In recent years, an astounding number of sexual assaults have been reported following alcohol-induced blackouts.
What exactly is meant by the term alcohol-induced blackout? Such blackouts are caused by excessive amounts of alcohol which can result in impaired memory, increased risk of injury and other harm.
Alcohol-induced blackouts vary from person to person but some studies reveal that women may be at higher risk of blackouts due to biological differences that influence alcohol distribution and metabolism in the body including body fat percentage and body weight. In addition to physiology, the amount of alcohol consumed and the rate at which it was consumed also influence blackout rates.
Blackouts can happen to anyone who drinks to excess, regardless of age, gender or experience with drinking. The gaps in memory that occur are a result of alcohol temporarily interrupting the process of short-term memories being converted to long-term storage. This process is called memory consolidation and occurs in the hippocampus which is located deep within the brain and is key to memory formation.
High alcohol levels impact the brain’s ability to form new memories while intoxicated but do not wipe away memories that were formed before intoxication.
In other words, a blackout is a temporary condition that is marked by a sense of lost time.

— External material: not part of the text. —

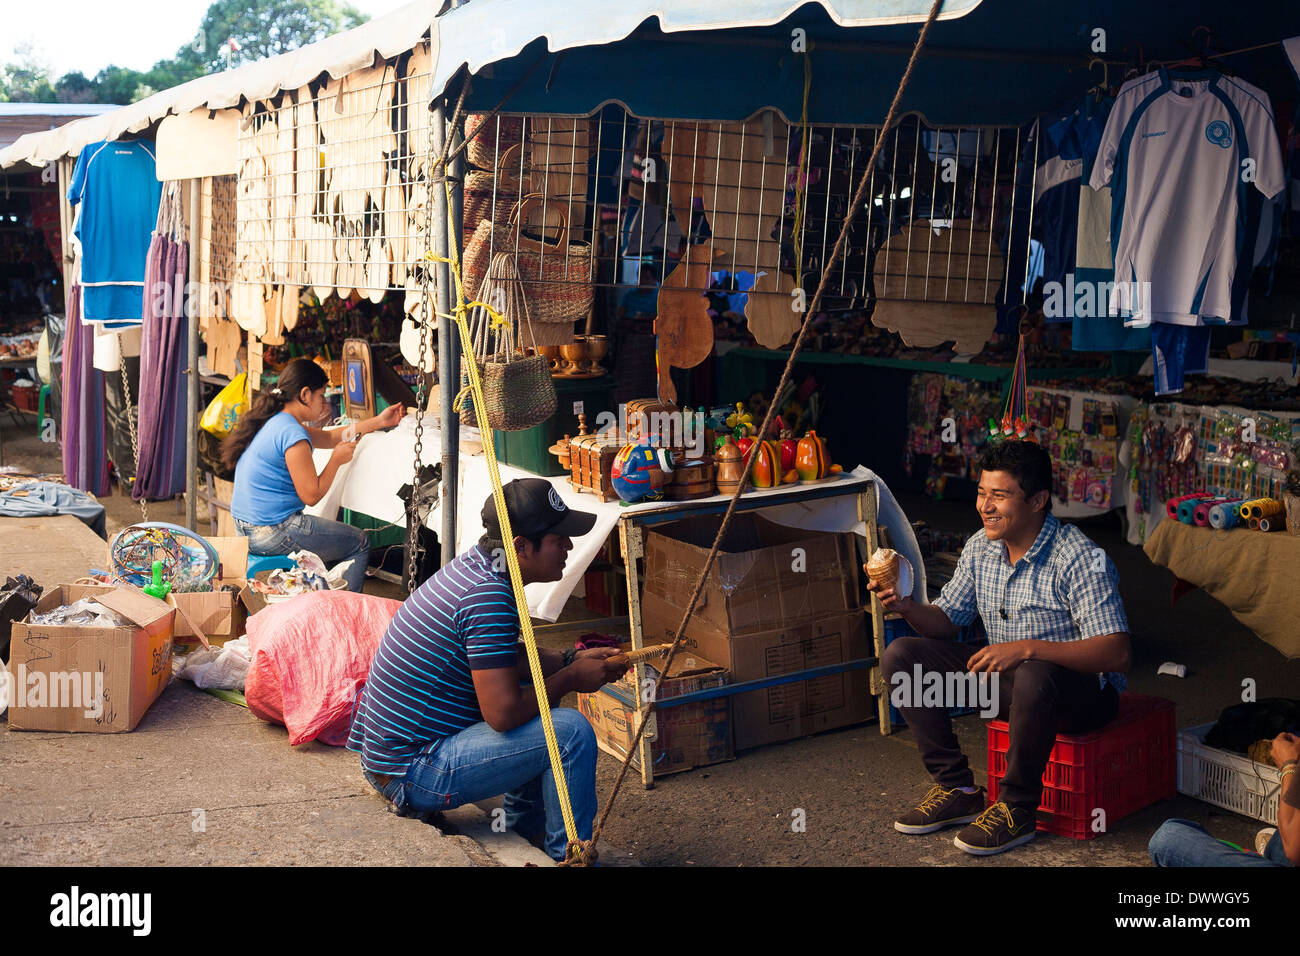 Vendors laugh and joke during a break at the weekend market in Juayua on the rutas de la flores in El Salvador - Stock Image
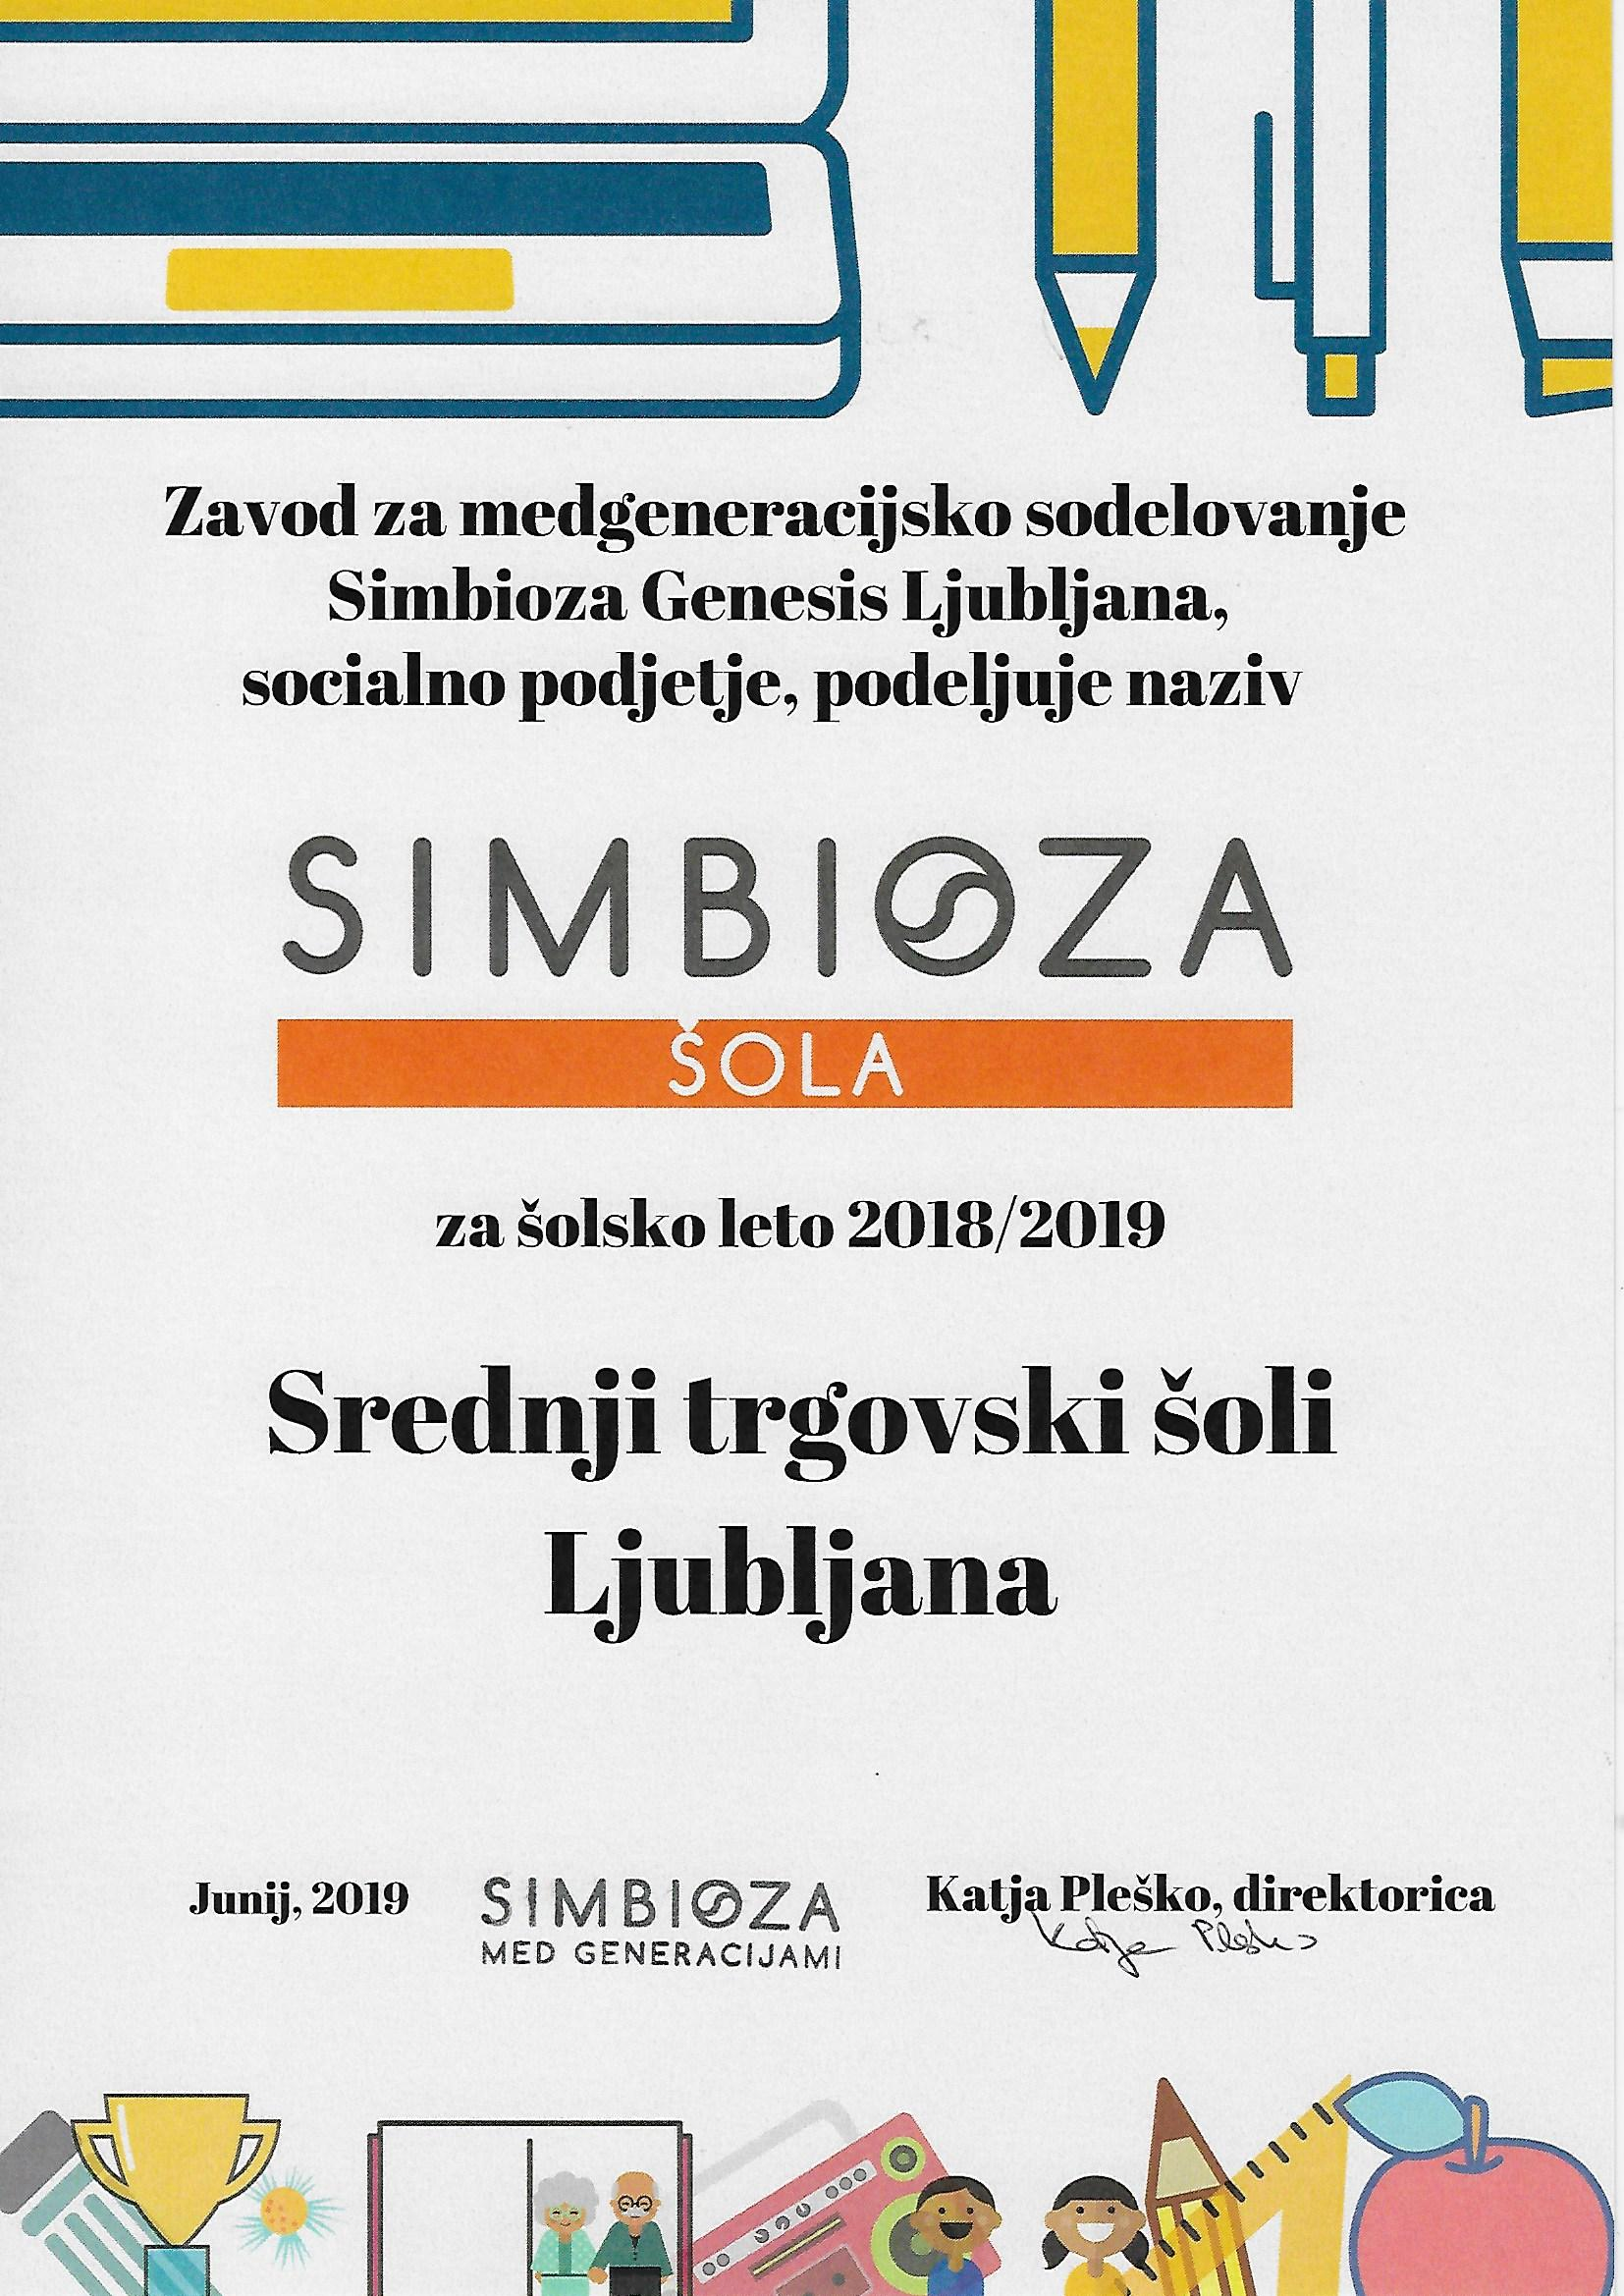 Simbioza 2018/19

Blackouts end once the body has had time to absorb the alcohol consumed, allowing the brain to once again form memories.
Science has shown that memory loss due to an alcohol-induced blackout commonly occurs when one’s blood alcohol content reaches approximately 0.15% and above. Studies show that blackouts are more likely to occur when alcohol enters the bloodstream quickly, a situation that occurs if an individual drinks on an empty stomach or consumes large amounts of alcohol in a short time span.
Several factors influence an individual’s blood alcohol level, including the type of alcohol consumed as well as weight and gender.
In other words, there isn’t a set number or “safe amount” of drinks associated with the risk of an alcohol-induced blackout. Blackouts are associated with decreased inhibition, altered impulse control, and poor decision-making.
These are the typical signs and symptoms of a blackout:
- Impaired judgment
- Difficulty walking
- Difficulty standing
- Difficulty speaking
- Impaired vision
It’s important to remember that blackouts can also occur due to factors other than alcohol consumption. For some, epileptic seizures, low blood pressure or blood sugar, medication and\or lack of oxygen can result in blackouts.
Experiencing just one alcohol-induced blackout can be dangerous, even life-threatening. That’s because alcohol delays brain signals that control autonomic responses such as the gag reflex.
As a result, it’s possible for someone who throws up during an alcohol-induced blackout to choke and suffocate on their vomit due to the loss of reflex control.
Many factors figure into the onset of a blackout including the use of sedatives, which can increase the risk of an alcohol-induced blackout. Sedatives relax and slow down the body, as does alcohol, and can also impact the brain’s memory-making ability. In cases where sleep and anti-anxiety medications are taken while drinking, blackouts frequently occur at much lower blood alcohol content levels than normal.
Heavy drinking not only ups the risk for memory loss due to alcohol-induced blackouts, but it can also have lasting, adverse effects on the brain. These side effects occur on a continuum, e.g. momentary lapses in memory all the way up to severe and lasting conditions.
For example, long-term alcohol consumption can impair the frontal lobe, the part of the brain responsible for cognitive function, and crucial to short-term and long-term memory.
Frontal lobe damage has the potential to impair behavior and personality, physical function and information storage.
Research indicates that there are two types of blackouts, each defined by the severity of memory impairment.
One type is known as a fragmentary blackout and is marked by discontinuous memory loss. For example, one’s memories may be fragmented, with a discrete period of time remembered incompletely, e.g. intermittent spots of time missing or unremembered. Some professionals refer to this type of memory loss as a gray out or brownout versus a blackout.
In contrast, a blackout can span several hours, with the entire time period irretrievable memory-wise. In this case, memories do not form and for the affected individual, it is as if the events that took place during the blackout never occurred.
As such a blackout is different from “passing out” which refers to an individual losing consciousness or falling asleep due to excessive alcohol consumption.
This is because during a blackout a person may still be awake but the brain nonetheless is not creating new memories.
Are blackouts a sign of alcohol use disorder, commonly referred to as alcoholism? A professional must consider a multitude of criteria to make such a diagnosis, blackouts are not enough to make a diagnosis of alcohol use disorder. However, blackouts are a cause for concern. Even one episode of blacking out is enough for an individual to consider and reappraise their drinking habits.
For example, studies demonstrate that the frequency of blackouts predicts other adverse alcohol-related concerns. These consequences include absenteeism from school or work, lower grade point averages, the risk of injury, increased emergency room visits and increased incidence of arrests.
If you or a loved one have concerns about alcohol-induced blackouts, do not hesitate to talk to a health care professional who can answer your questions and provide the proper help and guidance.